Stereoinversion at the Asu α-carbon atom (sp3-hybridized) requires that it becomes sp2-hybridized. Although a neutral enol (Scheme 1) and an enolate ion are possible candidates for an intermediate, the enolate ion will not be stable unless the pH is sufficiently basic. Here, it should be noted that the keto-enol tautomerism of aldehydes has been shown to be catalyzed by phosphate buffer (pH 7.4, 35 °C) [51]. Nitro-aci-nitro tautomerism is also catalyzed by phosphate buffer [52]. We show here that the H2PO4− ion can catalyze the elolization of the Hα–Cα–C=O portion of Asu by acting as a proton-transfer mediator.
2. Results and Discussion
Figure 2 shows the energy profiles in the gas phase and in water, and Figure 3, Figure 4, Figure 5, Figure 6, Figure 7 and Figure 8 show the optimized geometries.
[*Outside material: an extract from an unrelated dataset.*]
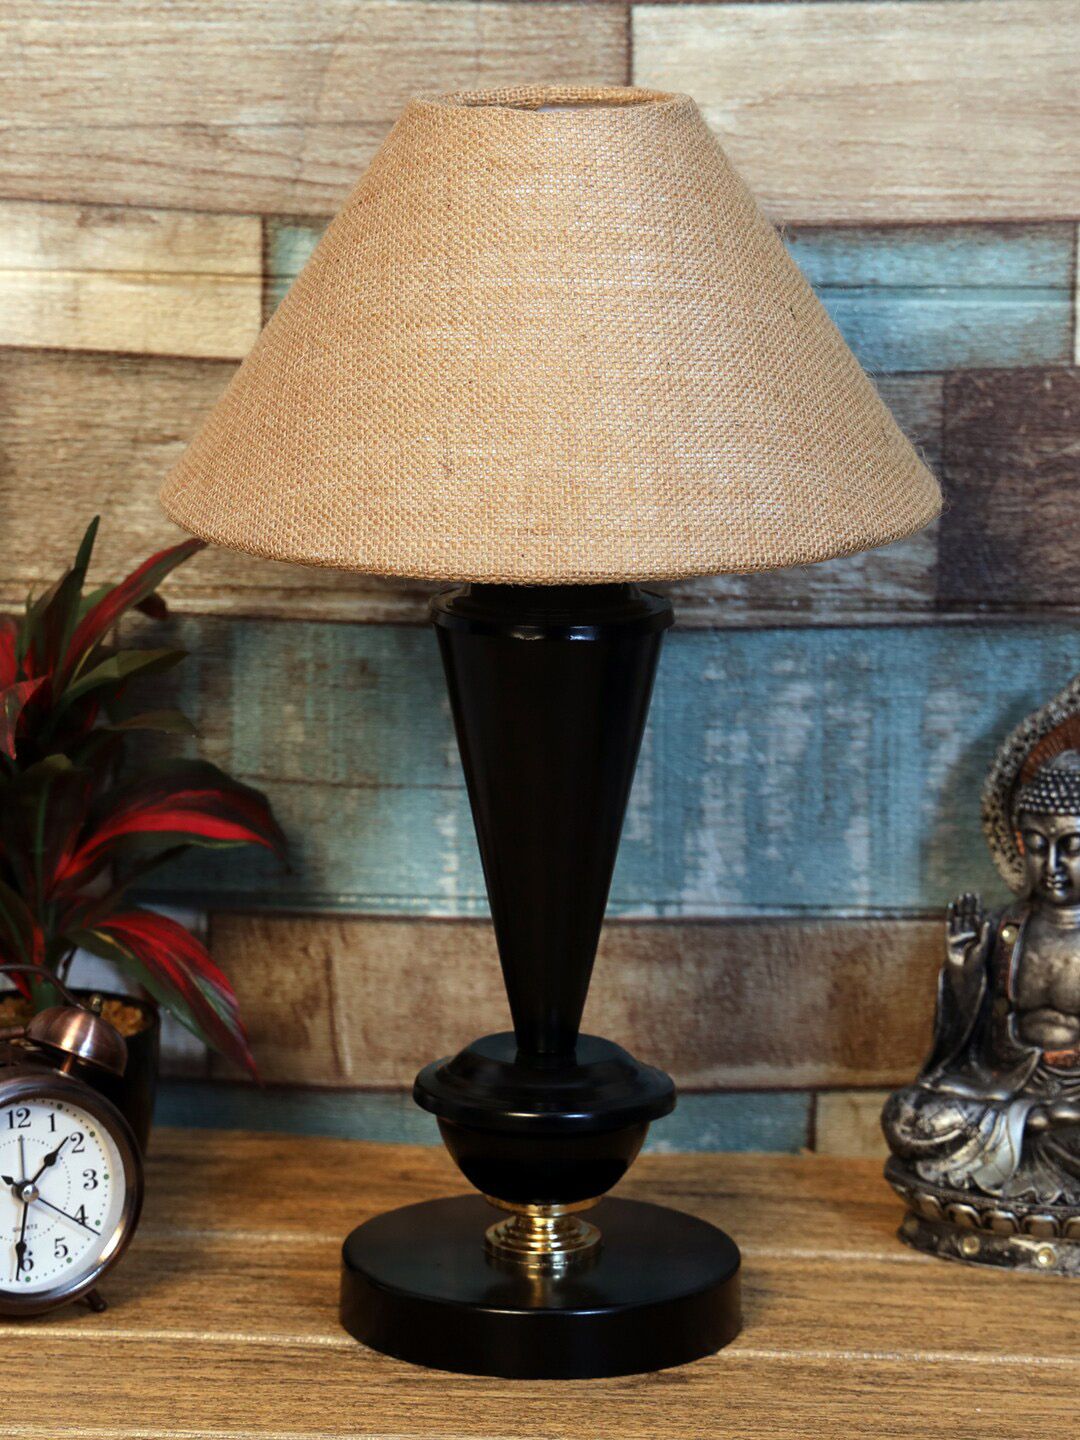 foziq Black & Brown Textured Table Lamp Price in India

Geometry optimizations were performed in the gas phase using the B3LYP functional and the 6-31+G(d,p) basis set. Gibbs energies of hydration were calculated for the gas-phase optimized geometries by the SM8 (solvation model 8) continuum model [53,54]. Relative energies were corrected for the zero-point energy (ZPE) calculated in the gas phase. All the minima connected by a given transition state (TS) were confirmed by intrinsic reaction coordinate (IRC) calculations followed by full geometry optimizations. The Cartesian coordinates, total energies, ZPEs, and SM8 Gibbs energies of hydration of the optimized geometries are provided in Tables S1–S7.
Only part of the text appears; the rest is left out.